New issue
Advanced search Search tips

Issue 848256 link

Starred by 3 users

Issue metadata

Status: Fixed
Owner:
Closed: Oct 11
Components:
EstimatedDays: ----
NextAction: ----
OS: ----
Pri: 1
Type: Bug



Sign in to add a comment

Terminate shared workers when the network service crashes

Project Member Reported by falken@chromium.org, May 31 2018

Issue description

Support auto-reconnect for the networkservice-backed factory sent by SharedWorkerHost.

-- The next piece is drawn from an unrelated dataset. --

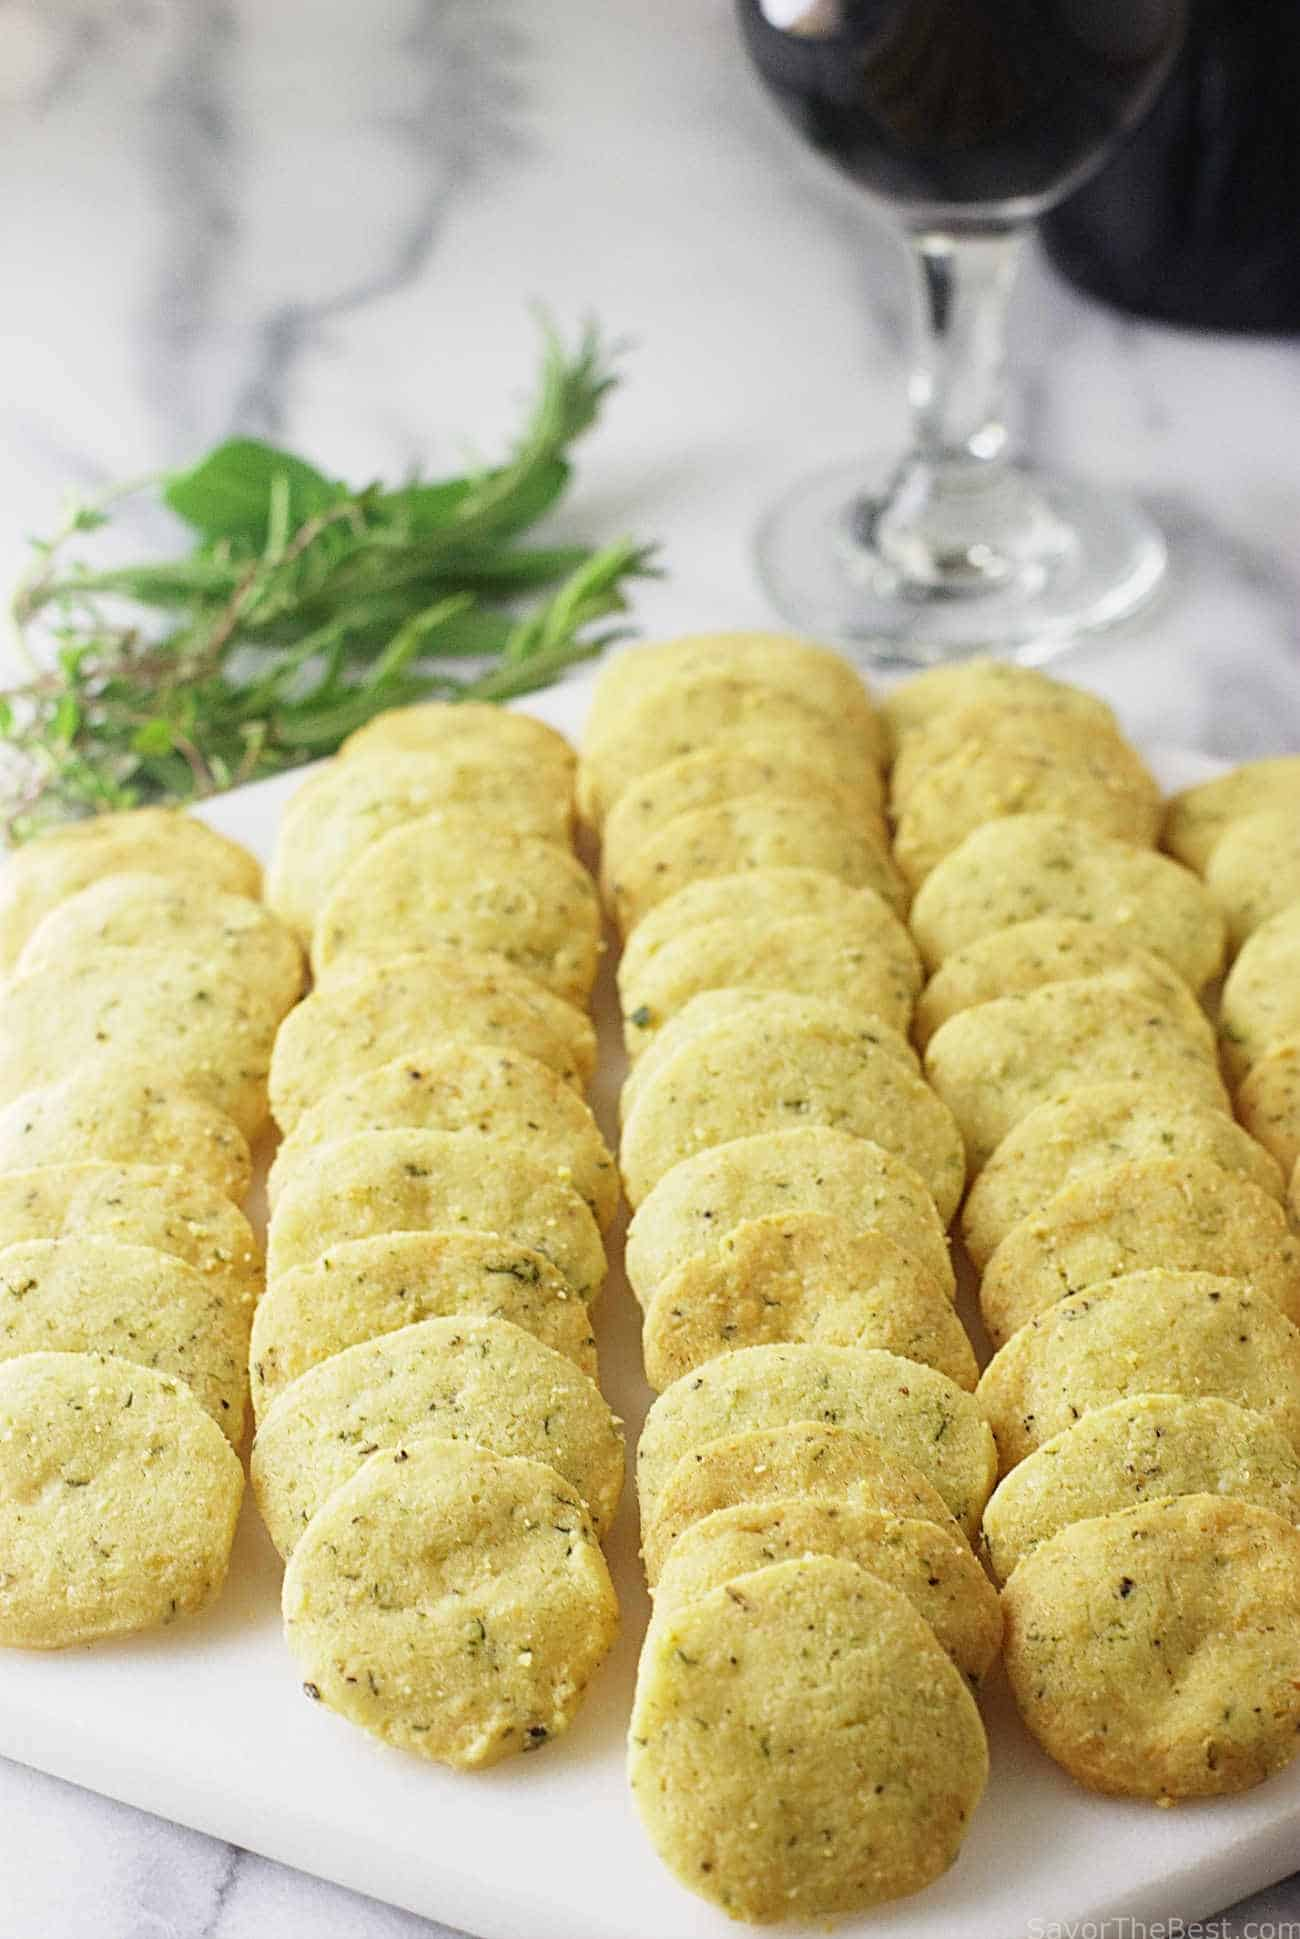 Barefoot Contessa Cocktail Party Einkorn Parmesan Herb Crackers Savor The Best
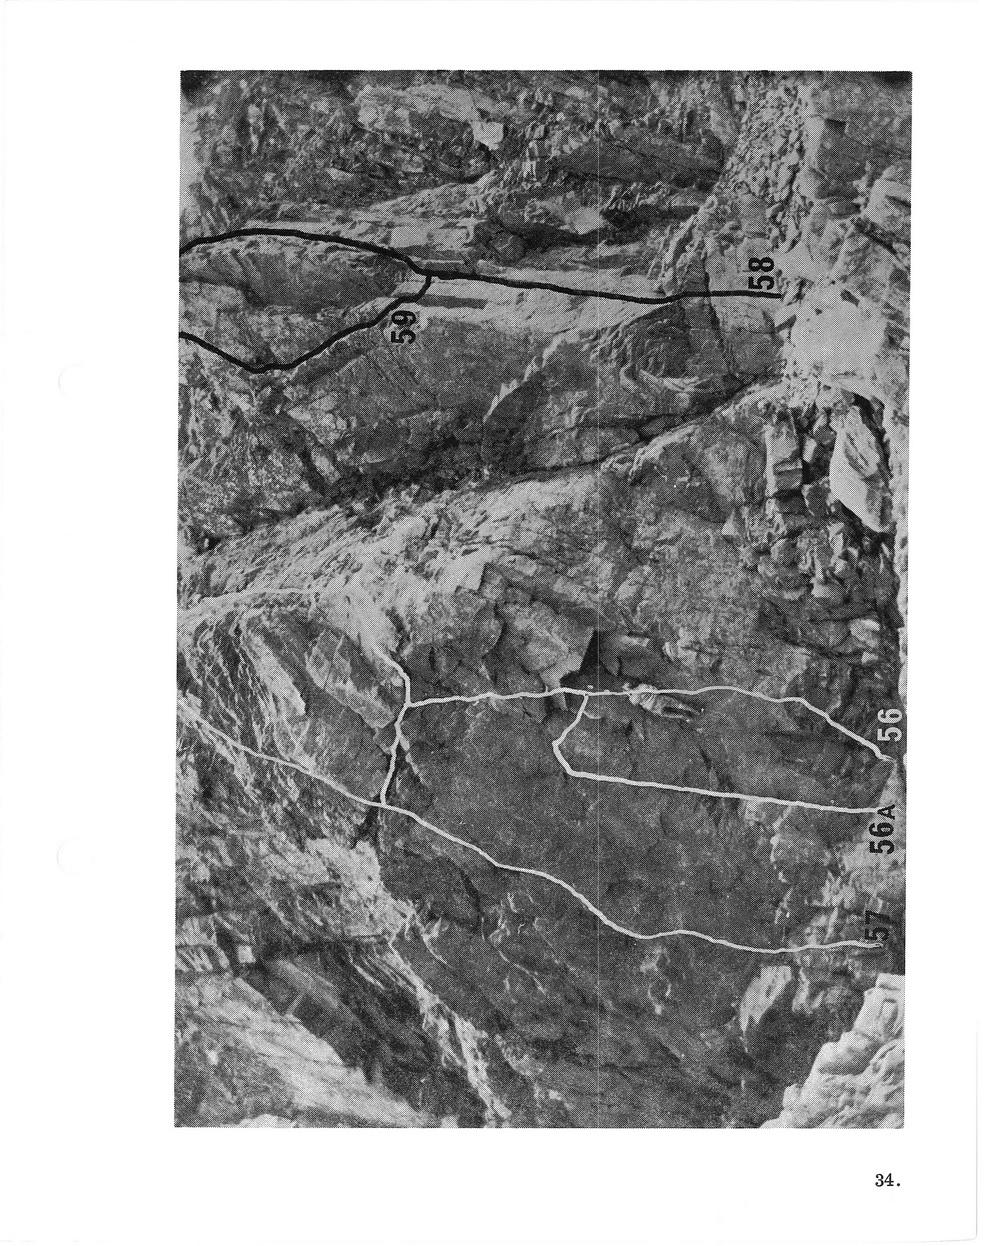 Kullen guide 1972 034.jpg

SharedWorkerHost should observe disconnection from the the network service and auto-reconnect, like RenderFrameHostImpl does.
 

Comment 1 by mmenke@chromium.org, May 31 2018

Components: Blink>ServiceWorker Internals>Services>Network
Labels: Proj-Servicification

Comment 2 by falken@chromium.org, May 31 2018

Description: Show this description

Comment 3 by falken@chromium.org, May 31 2018

Components: -Blink>ServiceWorker Blink>Workers
Summary: Support auto-reconnect for the networkservice-backed factory sent by SharedWorkerHost (was: Support auto-reconnect for the networkservice-backed factory sent by ServiceWorkerHost)
Corrected my original description: ServiceWorker -> SharedWorker
Status: Started (was: Assigned)
Blocking: -839982
Status: Assigned (was: Started)
On second thought I suspect this doesn't block Canary and can be done later. I'll see if there are Canary blockers to take...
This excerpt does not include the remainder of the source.